I still can't get over the first time I listened to this track with headphones on, and recalling that first moment when the soloist comes in. It's just raw and real, and hits something that I think makes music such a powerful and shared human experience.
Mashups aren't always everyone's thing, but I keep coming back to this inventive blending of a classic we all know with Justin Timberlake. It's smooth and sultry, and to me it just works.
This album was the whole package from the very first note — interesting and innovative arrangements, killer soloists, and varied and balanced repertoire.
In one song, Distilled Harmony took us on a roller coaster that was the ultimate thrill ride.
AQUAREAL is an album quite unlike anything I've ever heard. This release is composed entirely of sea shanties, and it's phenomenal. Listeners are transported to another time and place, hearing the stories, dreams, and triumphs of sailors. It's definitely worth a listen.
Once again, the SoCal VoCals prove that they are one of the best a cappella groups in the world, scholastic or otherwise. This album is full of powerful soloists, stunning arrangements, and is overflowing with attitude.
There's really something to be said about a group that can find a way to take everything that they excel at, and put it into one musical track. SKETY was able to take the jazz skills of the group, add in driving bass and percussion, and put it all together in an insane mixed-meter presentation. Every group member is exactly where they need to be for this track, and it results in a phenomenal final product.
There's something to be said about groups that find their sound. When every member is on board and driving full force, I can't help but listen. With Proud Mary, Hyannis Sound tapped into their high octane sound and delivered a showstopping ending to an album with an absolutely insane amount of energy. It's everything I want to hear from them in one track, and it's definitely worth a listen.

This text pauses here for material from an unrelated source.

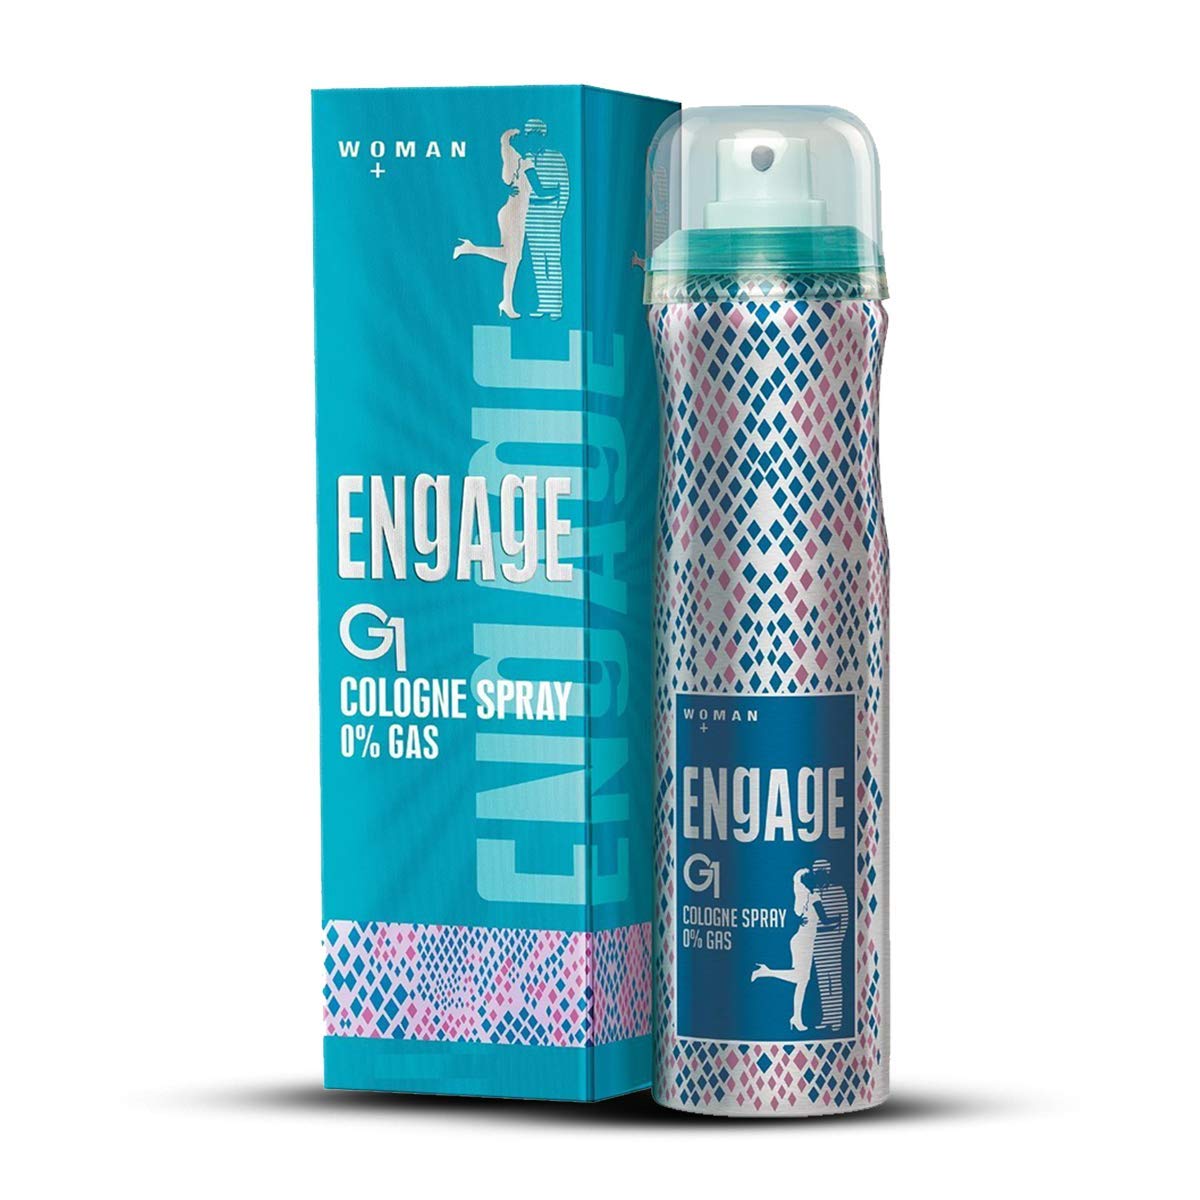 Engage Woman Cologne Spray G1 (135ml) - Niram

SKETY is the only album I rated a "5" across the board. I love the musicianship displayed on this album.
Mixtape by Retrocity is themed by the group's retro music. You can never go wrong with '80s music sung a cappella.

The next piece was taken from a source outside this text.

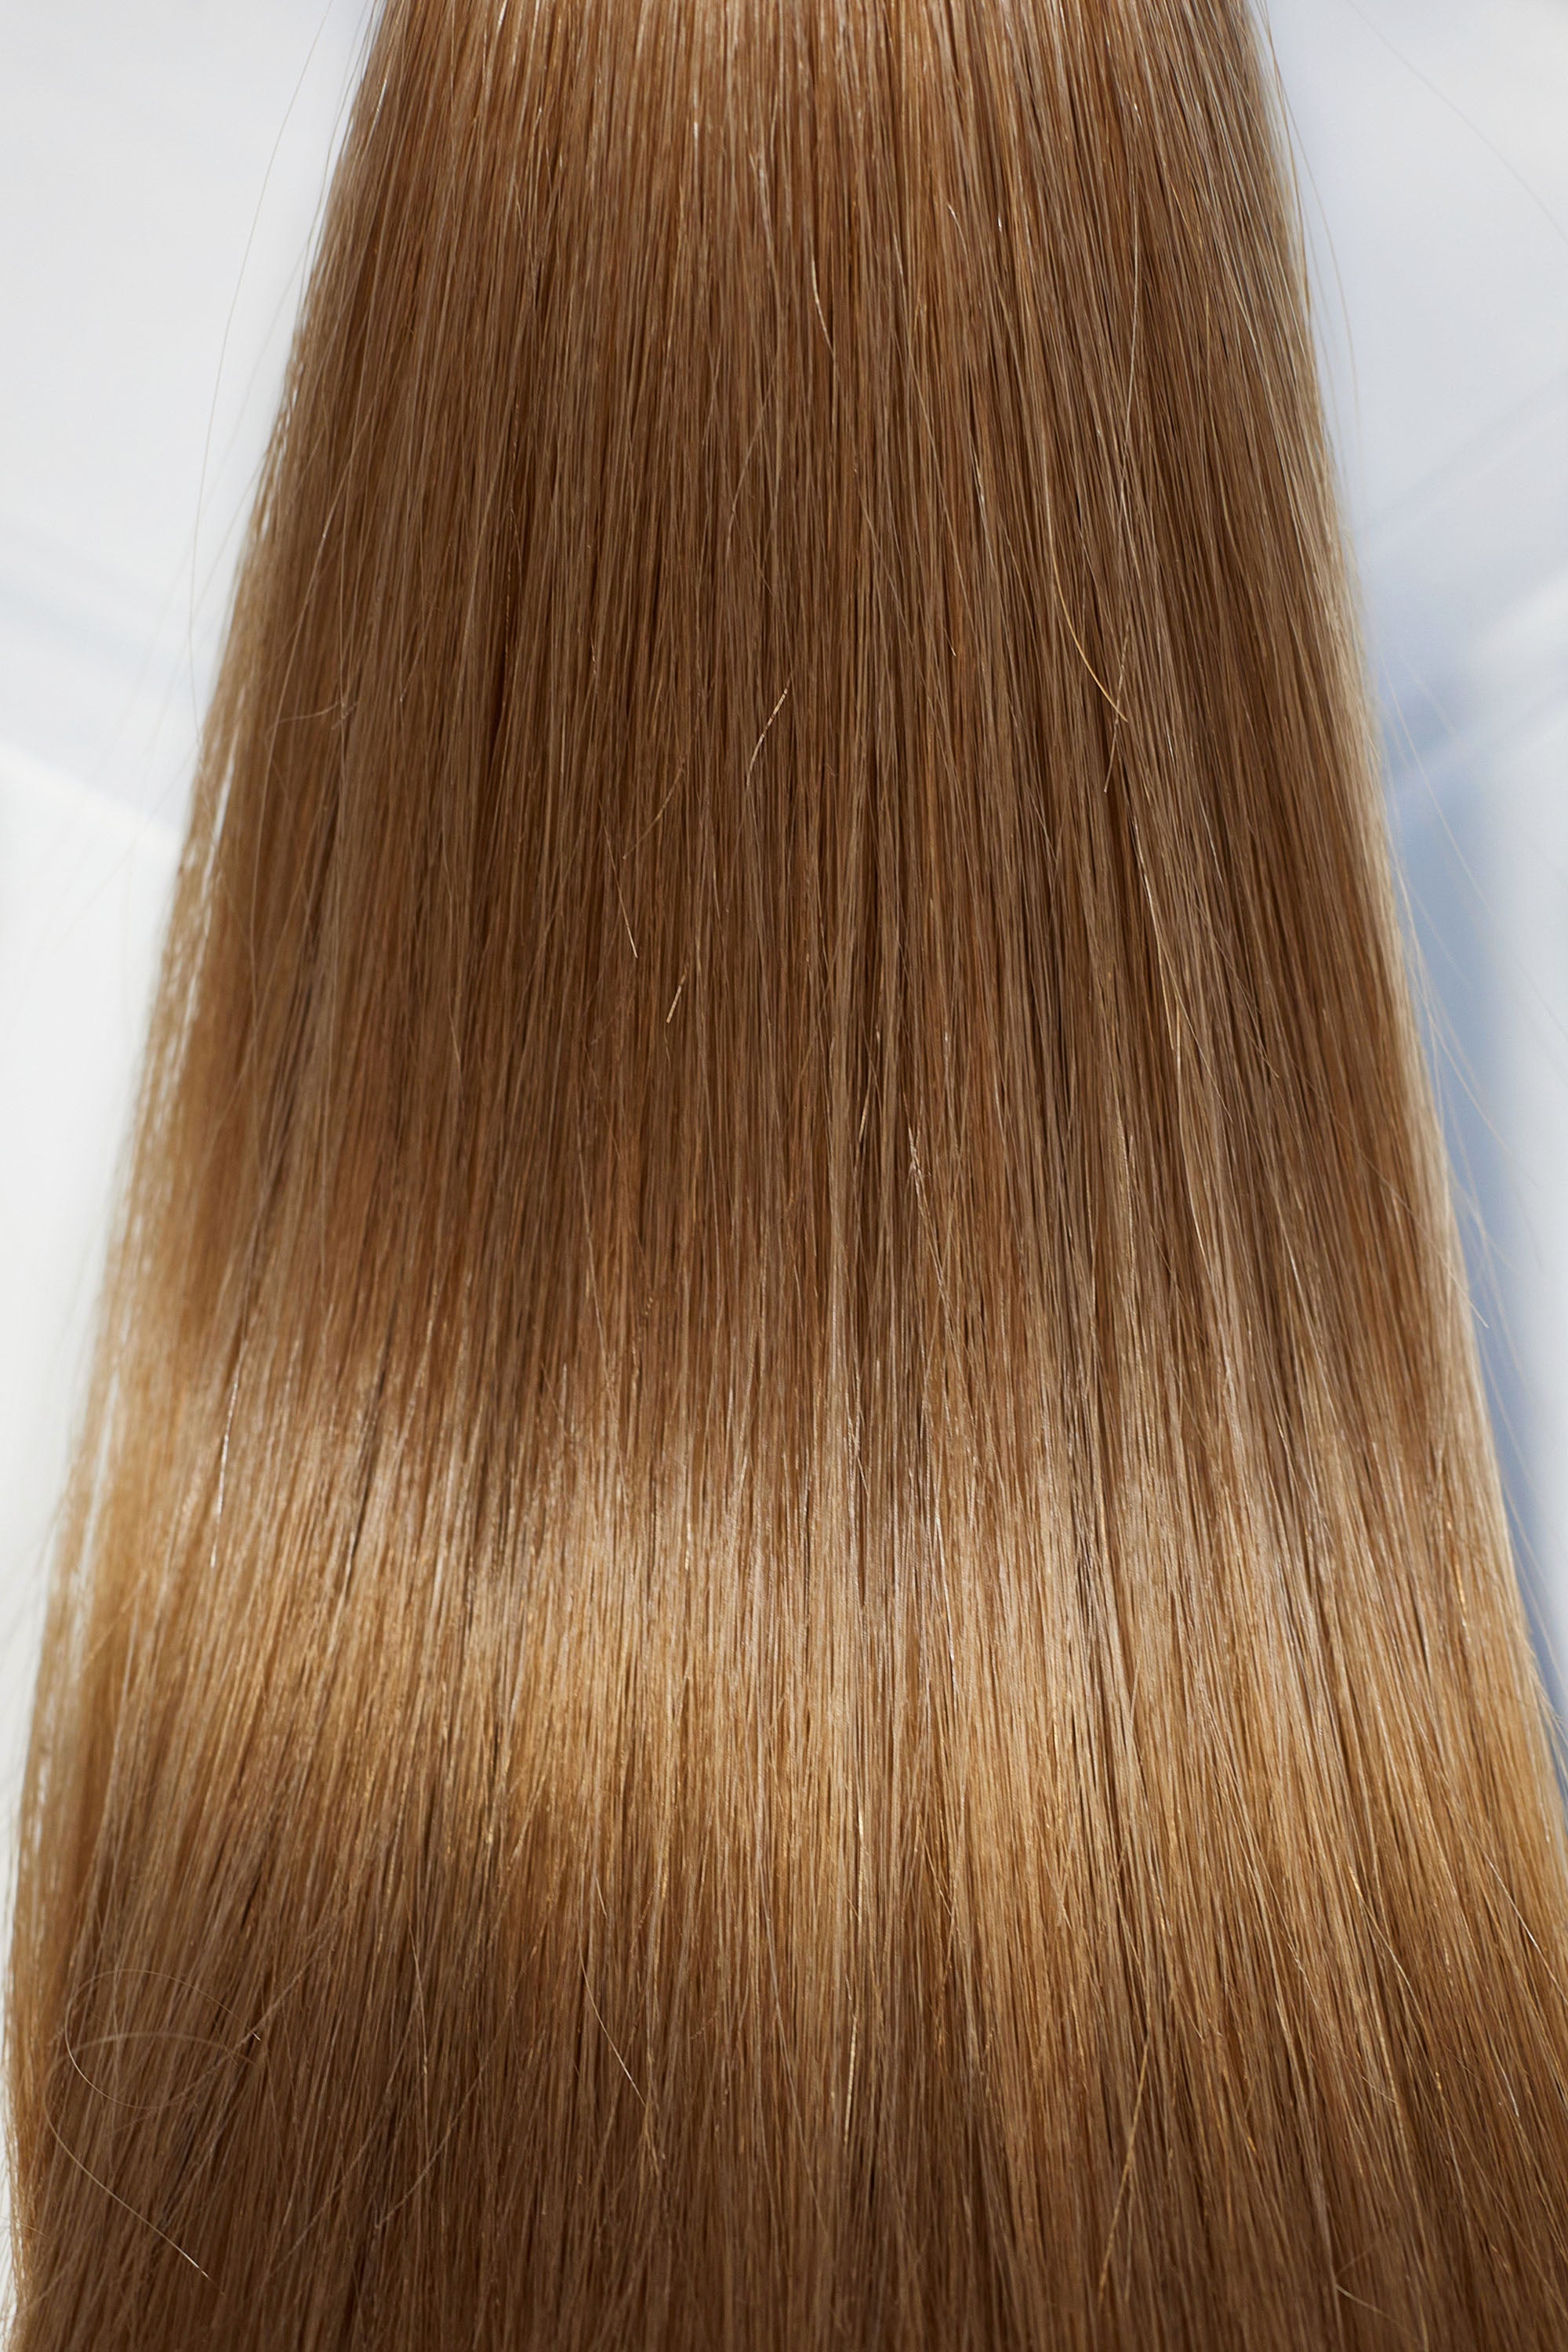 Behair professional Bulk hair "Premium" 22" (55cm) Natural Straight Caramel Brown #8 - 25g hair extensions

An original takes the spot for my track of the year. Because, why not — ViYH is a bunch of talented kids who can make original a cappella music sound like a summer hit song.

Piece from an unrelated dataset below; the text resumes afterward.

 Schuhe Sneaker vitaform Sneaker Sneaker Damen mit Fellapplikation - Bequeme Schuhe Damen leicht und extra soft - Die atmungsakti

The choral approach in this song captures my heart, and I feel every emotion expressively poured in by the Clef Hangers. The gentle swelling of the notes from a simple "ooh" in the beginning to a majestic, grandiose ending is the best way to tell the story of this song.
There was never really any question as to which album would be my pick of the year. Tuuletar's folk hop is innovative, emotional, explosive, and it's some of the best a cappella music I've ever heard.
Countermeasure aims for the stars with this album, assembling a wide range of different styles and audacious ideas on a mostly original album. It doesn't always work, but when it does it's stellar indeed. Required listening for any arranger.
To Build A Home is a contemporary collegiate a cappella album that I can show to friends who don't even care for the genre, and they'll still like it. In fact, I have done exactly that, and it has yielded precisely those results. There's a lot of attention placed here into adapting songs to a cappella, rather than purely imitating the originals, and there's equal attention to tailoring the music particularly to Ithacappella. It's also great to see a collegiate a cappella album that orders its songs with an emotional arc. It makes re-listening to the album as a whole, rather than just individual songs, incredibly appealing.
There isn't really an element of Madness that I would do without. A breathtaking soloist, offset by an arrangement that is both inspired and coherent, is already a formula for excellence. What takes this song over the top, however, is the beautiful 80-second introduction that hardly consists of anything but humming and whistling overtones. It's a huge risk to use something like this on an a cappella track, but as part of the album as a whole, it creates a breath of fresh air that allows the listener to rest in between two particularly intense songs.